“Never, ever underestimate the degree to which people will scatter themselves into a deep fog in order to avoid seeing the basic realities of their own cages. The strongest lock on the prison is always avoidance, not force.” (Stefan Molyneux)
Friday 8 May 2015
Comic review: Neverboy #3- Transcendent
Story: Shaun Simon
Art: Tyler Jenkins
Colours: Kelly Fitzpatrick
Cover art: Conor Nolan
Publisher: Dark Horse Comics
Released: 6th May 2015
There are two full-page panels* of beautiful artwork in Neverboy #3, and after you experience them it’s quite easy to forget that you’ve just been reading a beautifully complex, subtle, intelligent and emotionally engaging comic book narrative as well.
Neverboy #3 has a feel of philosophy about it, that feeling of concepts that you can almost touch, but try as you might they always seem tantalising near, yet just out of reach.

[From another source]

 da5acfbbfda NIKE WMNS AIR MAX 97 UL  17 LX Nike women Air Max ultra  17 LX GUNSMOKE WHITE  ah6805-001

I really do enjoy the book. It’s one of those books that I read over and over again.
I take my time with it because I know it’s good, and I want to understand why it’s good. I want to deconstruct it, like you are supposed to do if you are a proper comic book reviewer, or even if you are just a bloke reviewing a comic book for his Internet blog.
I like how the story lets you make your own mind up about it, that’s probably the key. I like how it lays itself open. It’s not telling you what to think. It just wants you to engage, in your own way, to make of it what you like. That’s rare in comic books, a book that invites contemplation, doesn’t preach and doesn’t tell you what is right, what is wrong, what is real, what is fantasy.

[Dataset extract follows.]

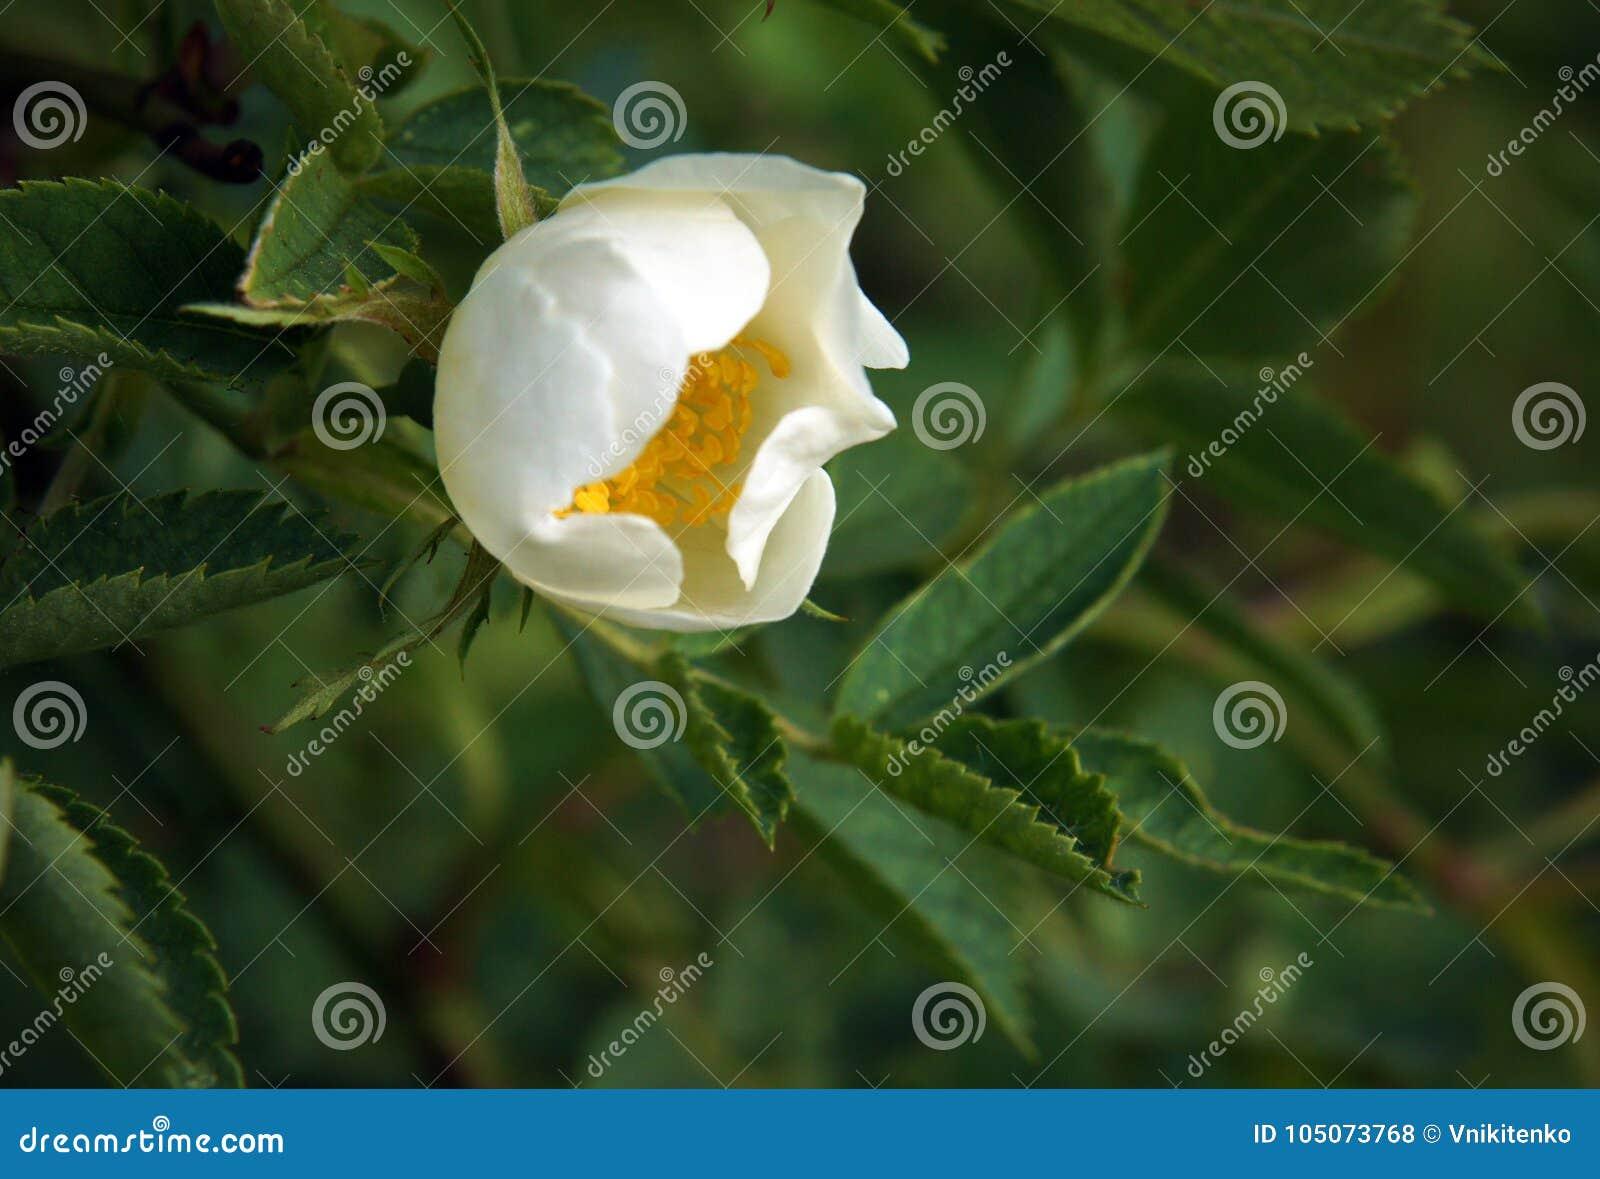 White Flowers Of Dog Rose Stock Photo Image Of Beauty 105073768

It’s a floaty book with floaty art, and I love it. It’s arty, but good arty, if you know what I mean. There’s no snobbishness to it. It’s just plain and simple good.
There are two moments that stand-out to me about issue #3, the first is the moment when the artist character reveals his painting, the masterpiece that shows he is back on form, full of new inspiration and ready to go. That’s a difficult thing to do as the painting is shown in a full-page panel, and it has to be good, really good, to work within the narrative.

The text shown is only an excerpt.